The Awesomeness of Grackles

It’s been a while since I’ve written much about grackles or birds for that matter. Actually, it’s been a while since I’ve really done much blogging and in the intervening time, I’ve managed to forget to share some grackle-y goodness that came along earlier in the year.

First up, Eight Reasons Grackles Are Awesome, a Texas Monthly article from 2015. I’m proud to say that number eight “They’ve Inspired a poetry collection” is my book Birds Nobody Loves.

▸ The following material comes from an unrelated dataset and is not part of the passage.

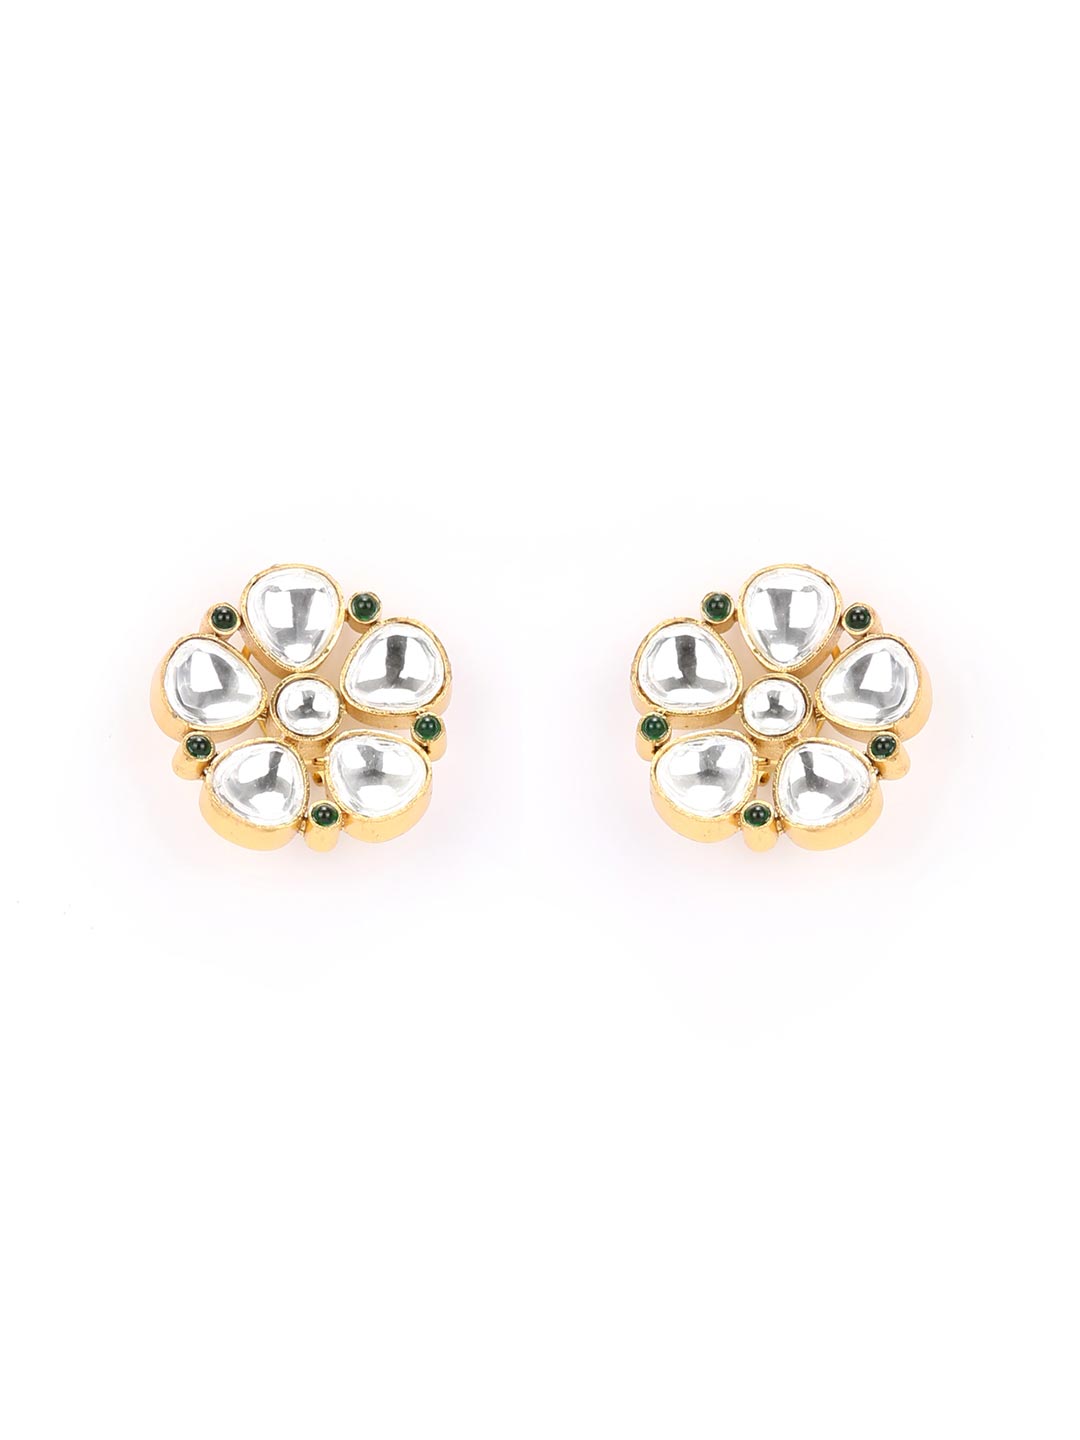 Round Brilliant 1.20 ctw VS2 Clarity, I Color Diamond 14kt White Gold  Flower Earrings | Costco

Next, a series of features on our local NPR affiliate KUT: A History of Austin’s Love-Hate Relationship with the Grackle which examines just that topic, and a two-part series of KUT’s ATXplained series that includes me reading from Birds Nobody Loves as reporter Mose Buchele delves into local grackle-lore: Part I: Why Do Grackles Flock to Grocery Store Parking Lots at Dusk and Part II: That Time UT Austin Waged a War on Grackles.

Around here, for many, grackles are a nuisance bird, but they’ve also become a bit of an unofficial mascot but without the PR that our bats get. Still, grackles are beautiful, fascinating birds and many of us couldn’t imagine Austin without them.

Chasing Headlights EP by Cwtch

 

Chasing Headlights is the latest EP from Cwtch (vocals: Marie Craven/music: Paul Foster). The lyrics are remixed from poems in my collection Highway Sky. Needless to say, it’s a bit surreal to have one’s work reinterpreted like this. Surreal and wonderful.

My academic background is in film production and screenwriting so the idea of having my words interpreted and reimagined and ultimately produced into a different medium by other artists doesn’t seem at all unnatural to me. I know that it may be uncomfortable for many poets working with a model that strangely exalts poetry, but this kind of thing seems so right to me. It’s why I released the Highway Sky poems (and everything on this blog for that matter) under a creative commons license.

But then there’s music (which I do confess to exalting a wee bit), and listening to how my poems were remixed into Cwtch’s sound in Marie’s voice and with Paul’s music just blew me away. This work is haunting and beautiful, and I am truly honored and humbled and filled with gratitude to Marie and Paul for finding something in my writing worth building upon, for taking the time to do it, and for putting it out there.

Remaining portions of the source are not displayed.